J Chem Inf Model. 2011 Jul 25;51(7):1593-603. doi: 10.1021/ci200166t. Epub 2011 Jun 21.

DOI:10.1021/ci200166t
PMID:21644501
Abstract

Computational chemogenomic (or proteochemometric) methods predict target-ligand interactions by training machine learning algorithms on known experimental data in order to distinguish attributes of true from false target-ligand pairs. Many ligand and target descriptors can be used for training and predicting binary associations or even binding affinities. Several chemogenomic studies have not noticed any real benefit in using 3-D structural target descriptors with respect to simpler sequence-based or property-based information. To assess whether this observation results from inaccurate target description or from the fact that 3-D information is simply not required in chemogenomic modeling, we used a target kernel measuring the distance between target-ligand binding sites of known X-ray structures. When used in combination with a standard ligand kernel in a support vector machine (SVM) classifier, the 3-D target kernel significantly outperforms a sequence-based target kernel in discriminating 2882 target-ligand PDB complexes from 9128 false pairs, whatever the modeling procedure (local or global). The best SVM models could be successfully applied to predict, with very high recall (70%), precision (99%), and specificity (99%), target-ligand associations for an external set of 14,117 ligands and 531 targets. In most of the cases, pooling all data in a global model gave better statistics than just discretizing specific target-ligand subspaces in local models.
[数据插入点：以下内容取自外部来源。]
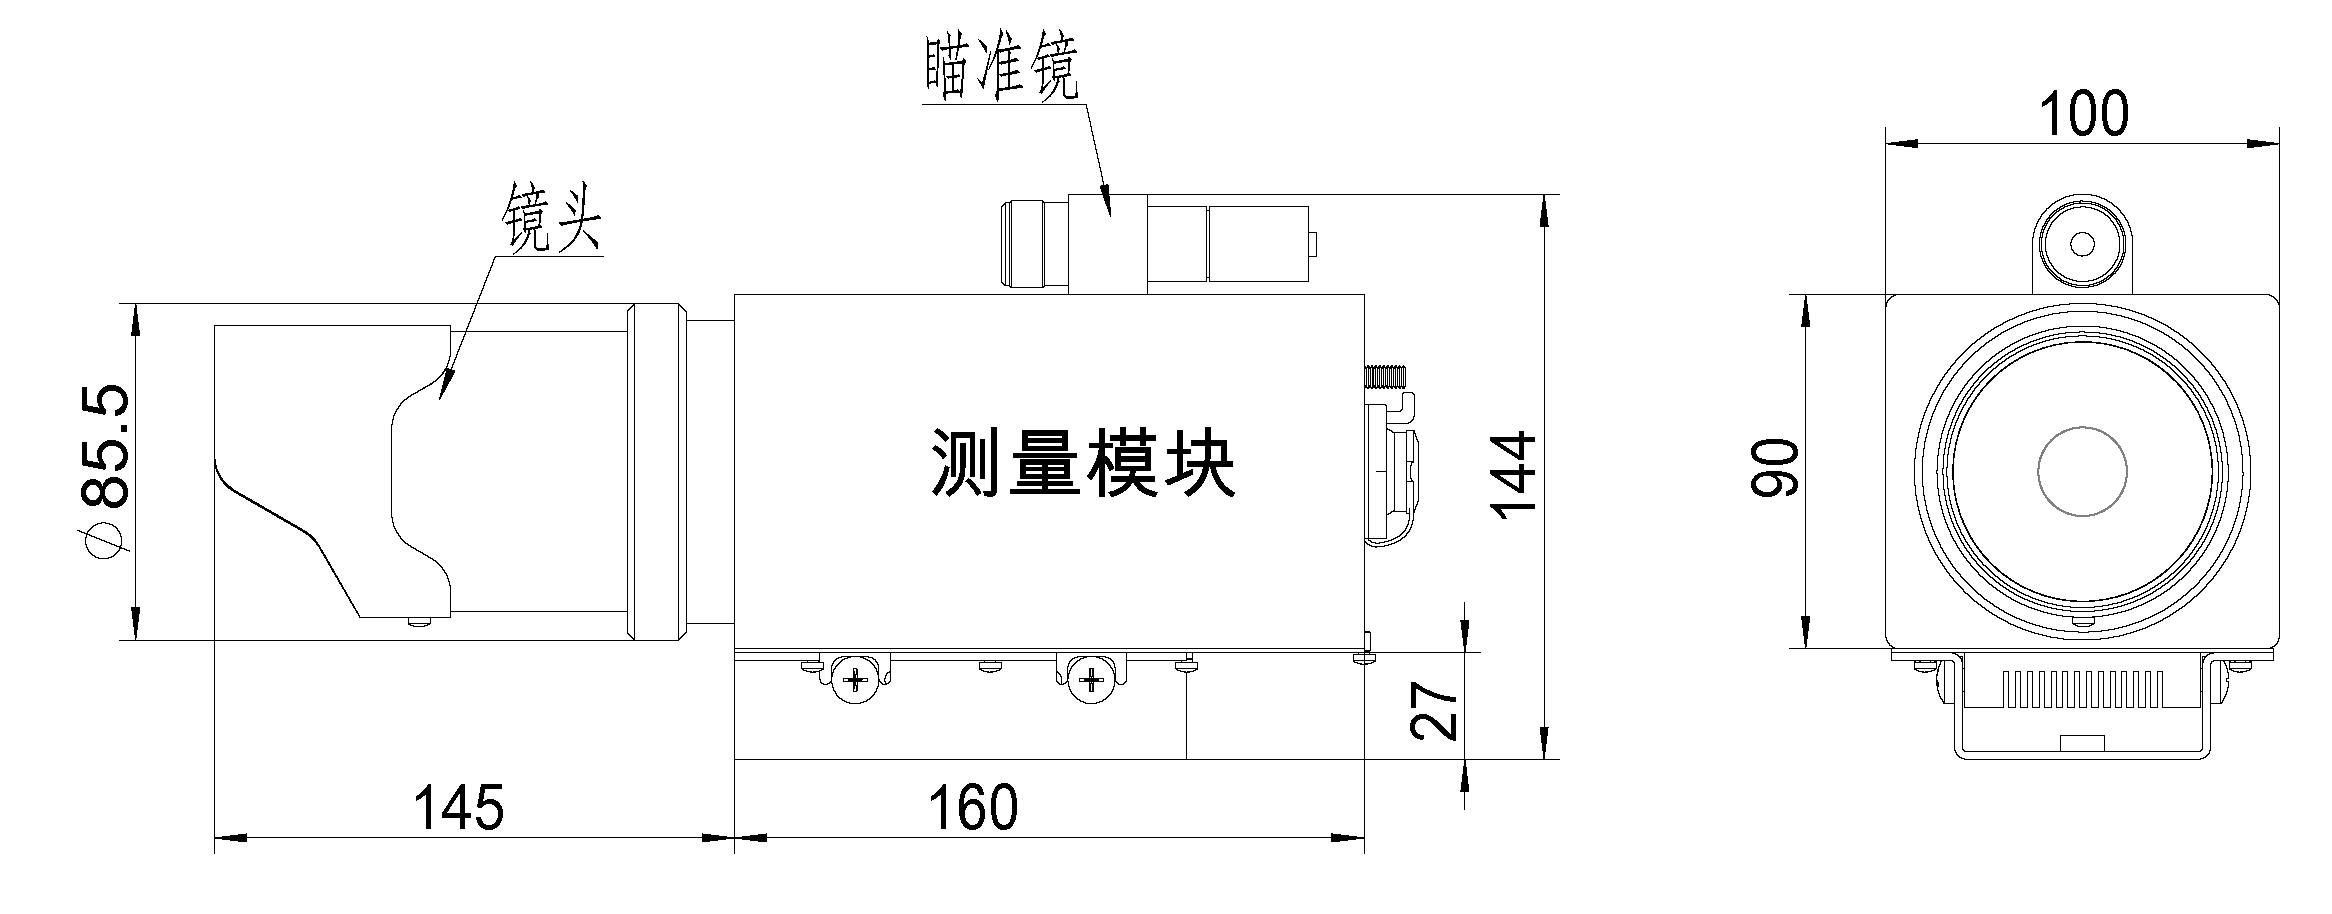 二維位移測量儀尺寸圖

The current study clearly demonstrates that chemogenomic models taking both ligand and target information outperform simpler ligand-based models. It also permits one to design good modeling practices in predicting target-ligand pairing for a large array of targets: (i) ligand-based models are precise enough if sufficient ligand information (>40-50 diverse ligands) is known; (ii) if not, structure-based chemogenomic models (associating a ligand kernel to a structure-based target kernel) are recommended for proteins of known holostructures; (iii) sequence-based chemogenomic models (associating a ligand kernel to a sequence-based target kernel) can still be used with a very good accuracy for the remaining targets.

摘要

计算化学生物基因组学(或蛋白质化学计量学)方法通过在已知的实验数据上训练机器学习算法来预测靶标-配体相互作用,以区分真实靶标-配体对和虚假靶标-配体对的属性。许多配体和靶标描述符可用于训练和预测二元关联,甚至结合亲和力。一些化学生物基因组学研究没有注意到在使用三维结构靶标描述符方面相对于更简单的基于序列或基于性质的信息有任何实际好处。为了评估这种观察结果是由于靶标描述不准确还是由于在化学生物基因组学建模中根本不需要三维信息,我们使用了一种靶标核函数来测量已知 X 射线结构的靶标-配体结合位点之间的距离。当与支持向量机(SVM)分类器中的标准配体核函数结合使用时,三维靶标核函数在区分 2882 个靶标-配体 PDB 复合物与 9128 个假对时,无论建模过程(局部或全局)如何,都显著优于基于序列的靶标核函数。最佳的 SVM 模型可以成功应用于预测,其外部 14117 个配体和 531 个靶标集的靶标-配体关联,召回率(70%)、精度(99%)和特异性(99%)非常高。在大多数情况下,与在局部模型中仅离散特定靶标-配体子空间相比,在全局模型中汇总所有数据可提供更好的统计信息。本研究清楚地表明,同时考虑配体和靶标信息的化学生物基因组学模型优于更简单的基于配体的模型。它还允许设计用于预测大量靶标靶标-配体配对的良好建模实践:(i)如果有足够的配体信息(>40-50 种不同的配体),则基于配体的模型足够精确;(ii)如果没有,则建议使用基于结构的化学生物基因组模型(将配体核函数与基于结构的靶标核函数相关联)用于具有已知整体结构的蛋白质;(iii)对于其余的靶标,仍然可以使用基于序列的化学生物基因组模型(将配体核函数与基于序列的靶标核函数相关联)以非常高的准确性进行使用。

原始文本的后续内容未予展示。